The role of abdominal ultrasound imaging in evaluating the vomiting child
Abstract
Introduction: Children are generally very suitable subjects for ultrasound (US)
examinations. US is often the first investigation performed for suspected abdominal or
pelvic pathology. It may precede radiographic examination and has many advantages. It
is non-invasive, does not use ionizing radiation and can be performed quickly and
portably, if necessary. It is generally well tolerated by babies and children. Increasingly
in pediatric practice, ultrasound is used for investigating suspected disease of the hollow
gastrointestinal (GI) tract.
Aim: The aims of this study was to evaluate the sonographic abdominal findings in a
vomiting child, to establish indications for sonography and to show the disease patterns
that cause vomiting in children, that can be evaluated by ultrasound.

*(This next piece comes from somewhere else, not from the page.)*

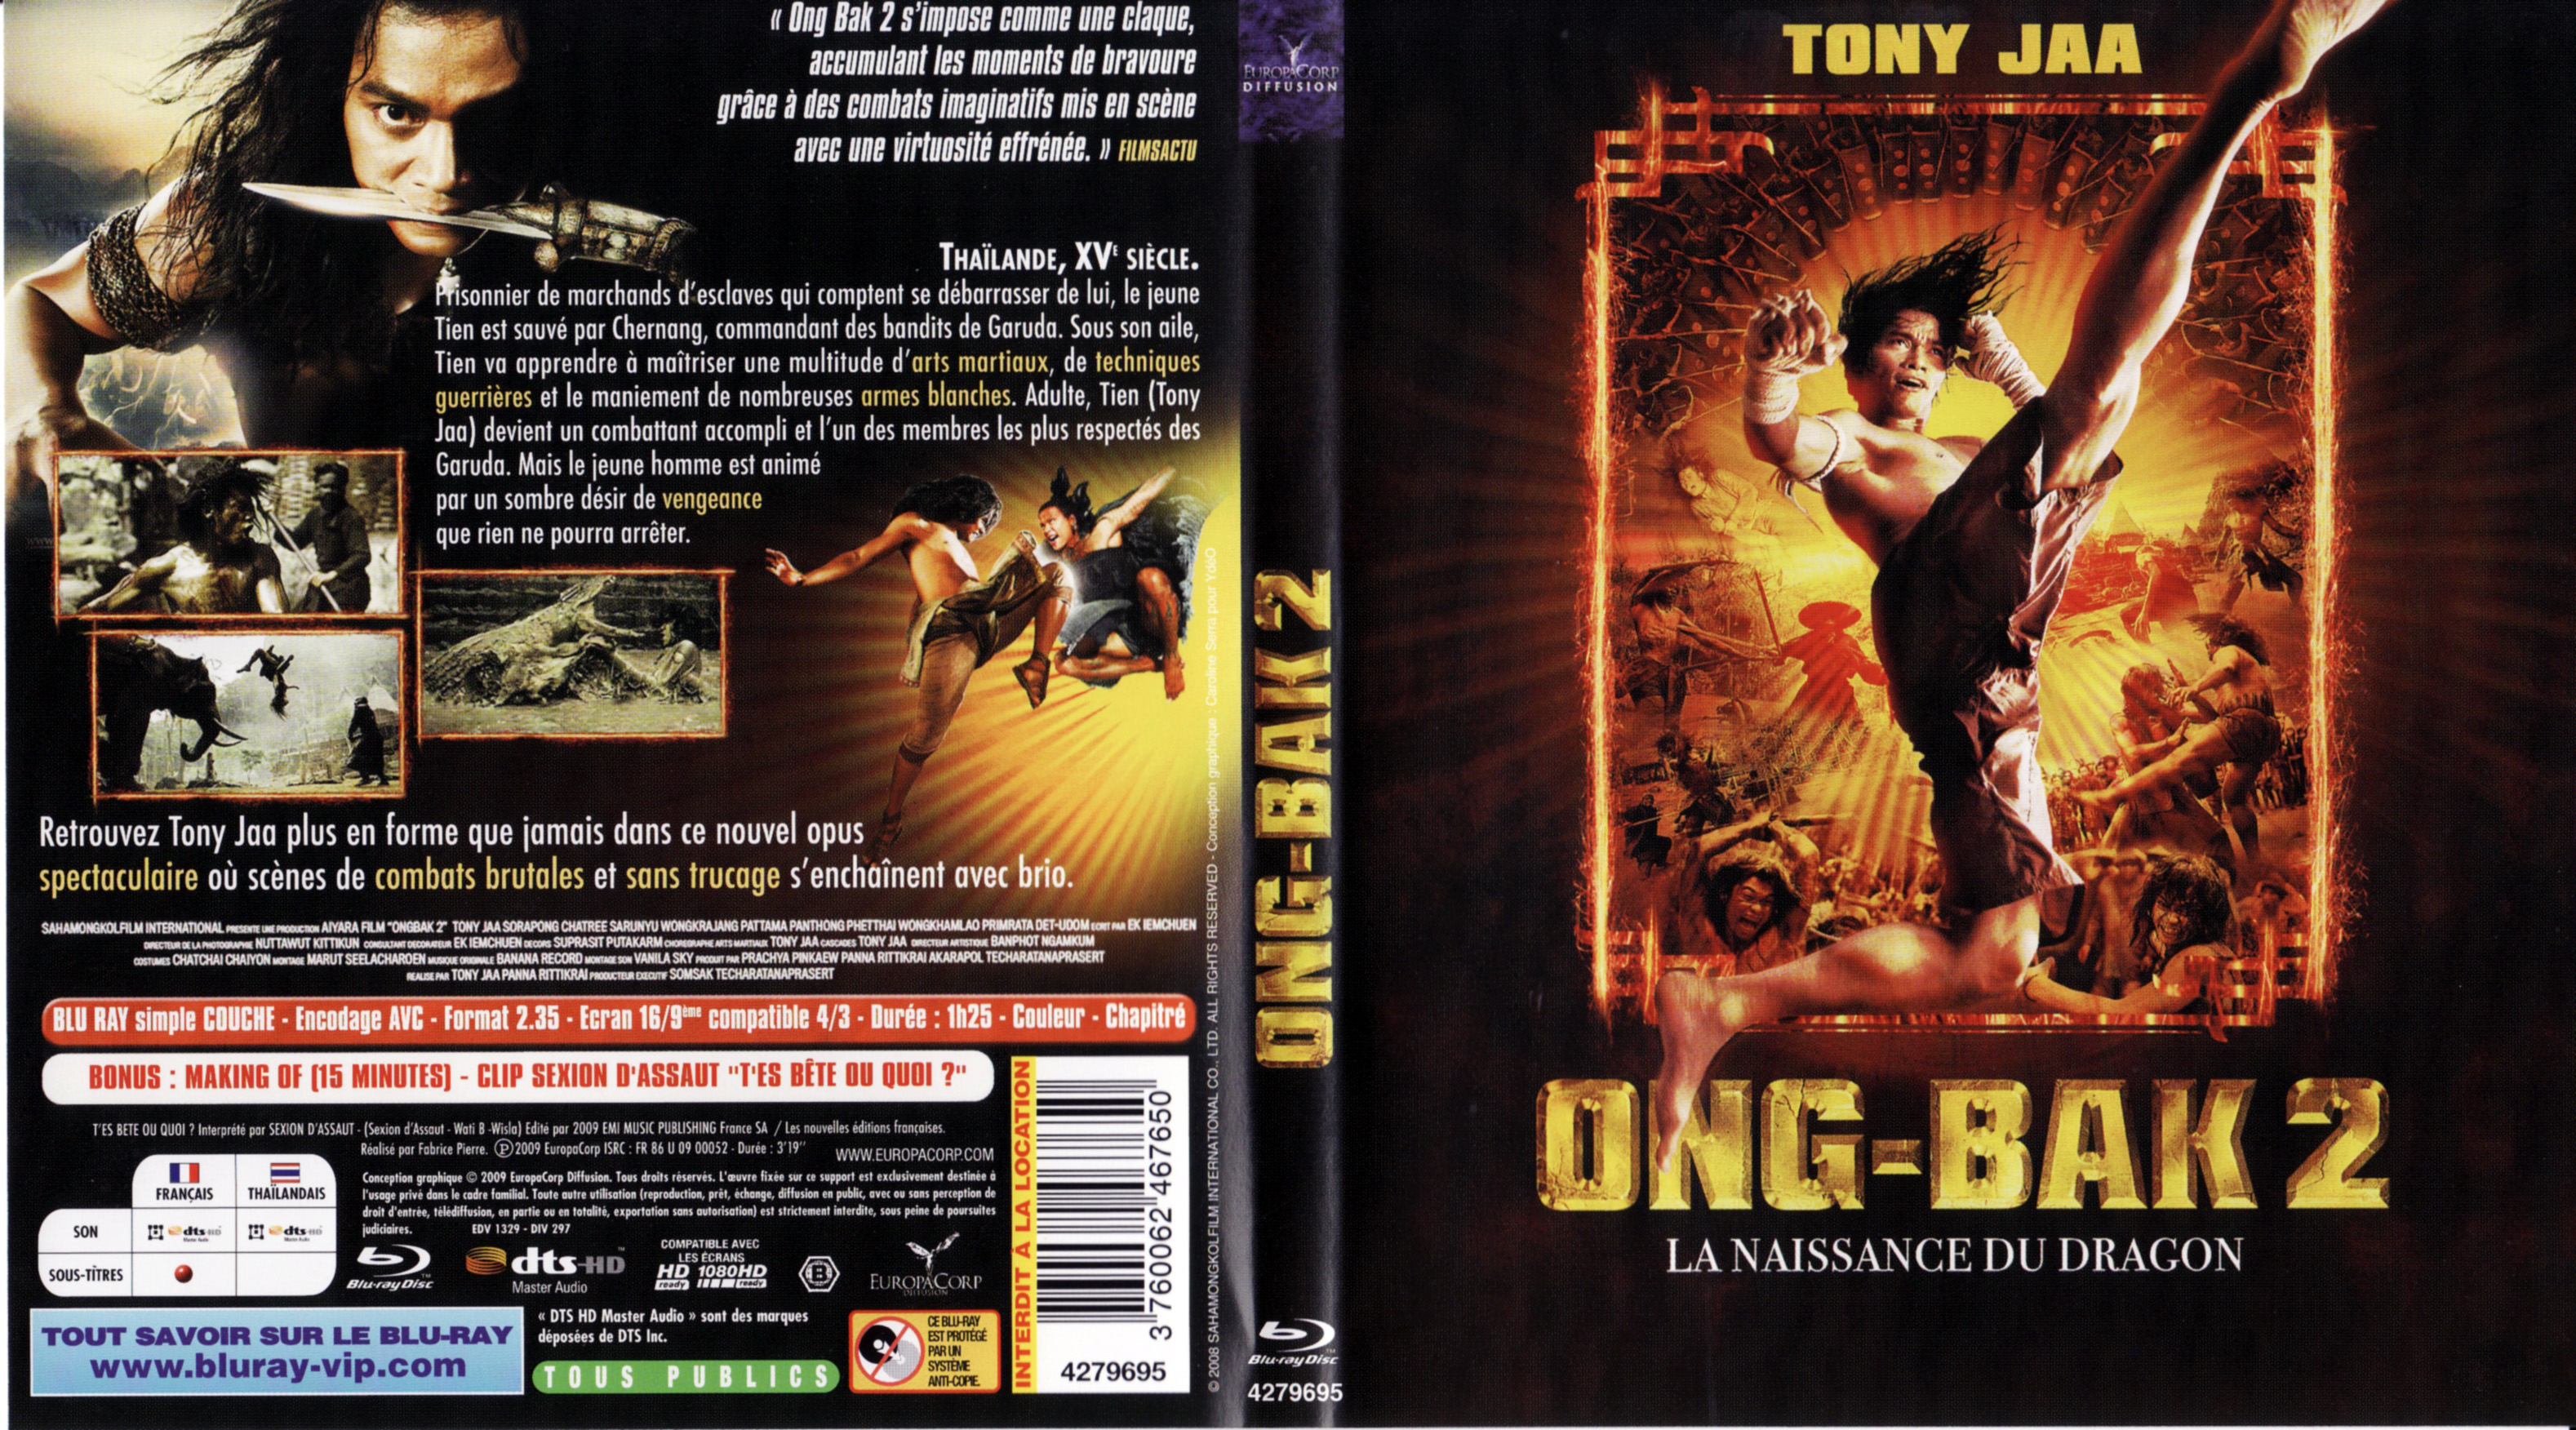 Jaquette DVD Ong-bak 2 (BLU-RAY)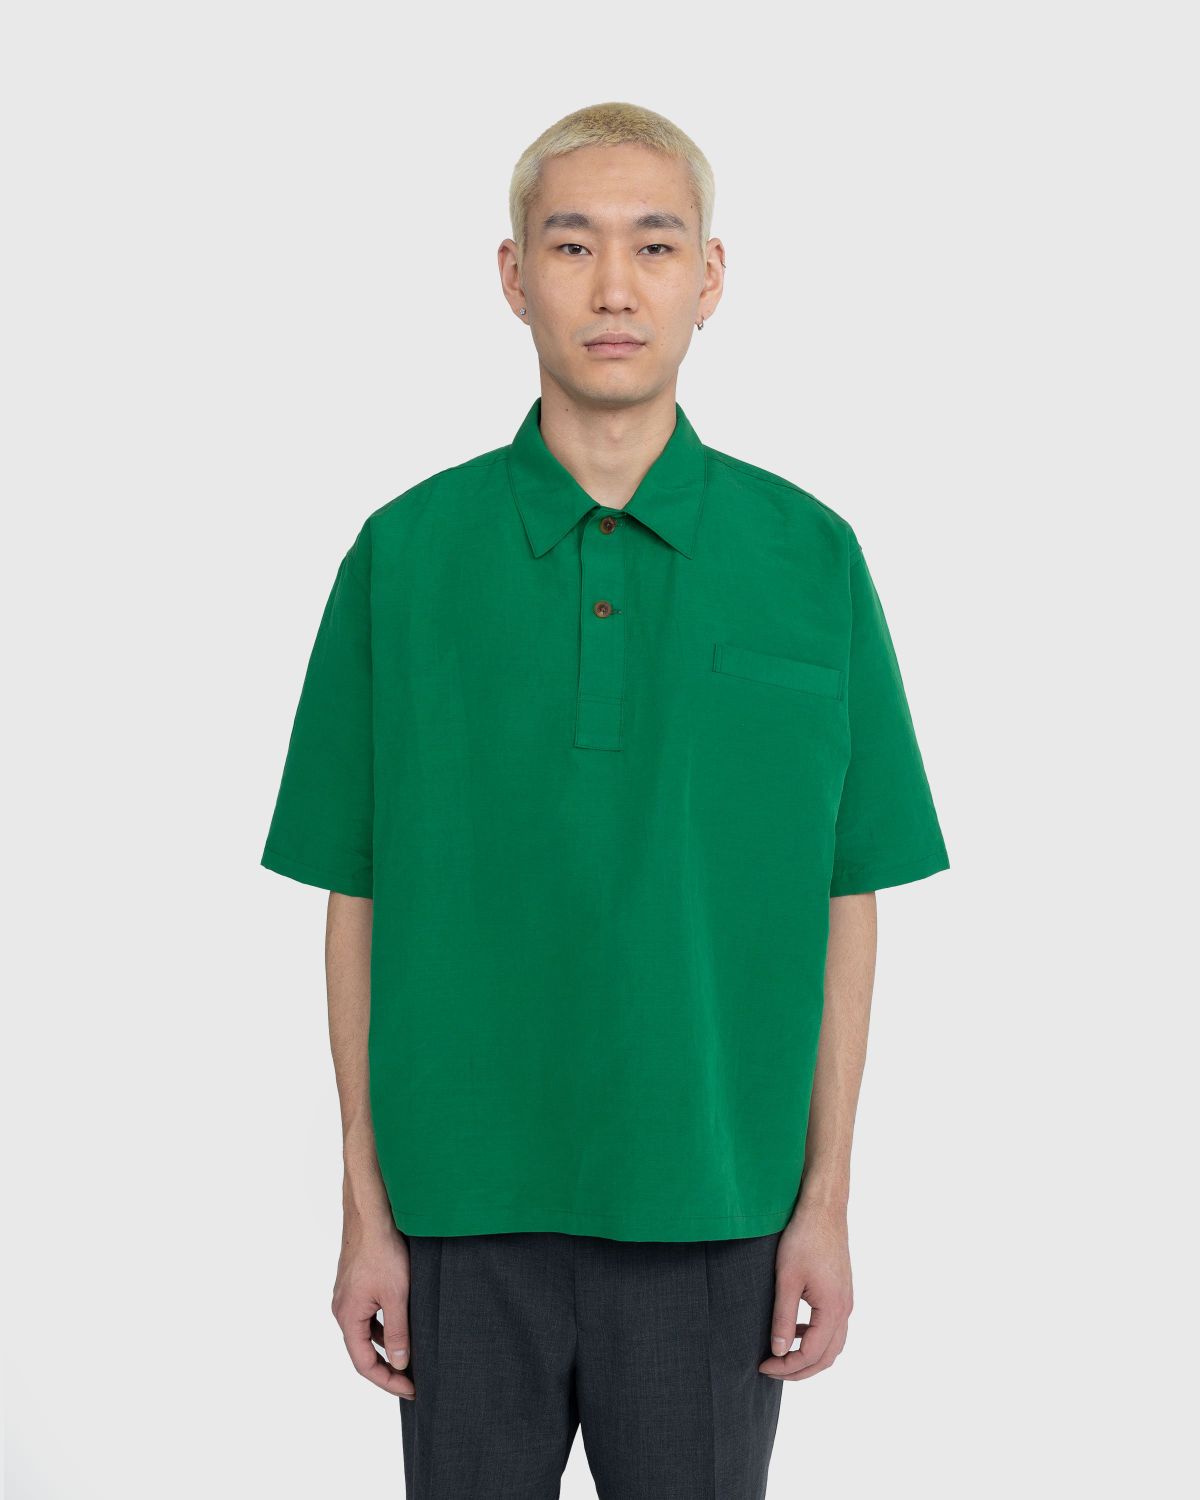 AURALLEE Finx cotton shirt green

Method: A descriptive prospective study was carried out at the Radiology Department
of Kenyatta National Hospital and University Of Nairobi for duration of six months.
During this study period, all children referred to Kenyatta National Hospital and
University Of Nairobi Radiology Department for upper gastrointestinal tract contrast
study and/or ultrasound with history of vomiting was recruited in the study. Informed
consent was obtained from parents for each child participating in the study and the
study scanning protocol was followed. All ultrasound examinations was done by the
researcher under supervision of consultant radiologist. Data collection sheets were
used to record the personal, clinical data, sonographic findings and diagnosis. The data
was eventually analyzed using computer software and the results presented in form of
tables, charts and graphs.
Results: A total of 56 children under 12 years of age were investigated. 64.3% of the
children were male. The most common sonographic finding was intussusception which
was found in 32.1% and gastro-esophageal reflux (GER) in 28.6% of the patients. The
male to female ratio in intussusception was 1.5:1 while gastro-esophageal reflux male
to female ratio was 1.6:1.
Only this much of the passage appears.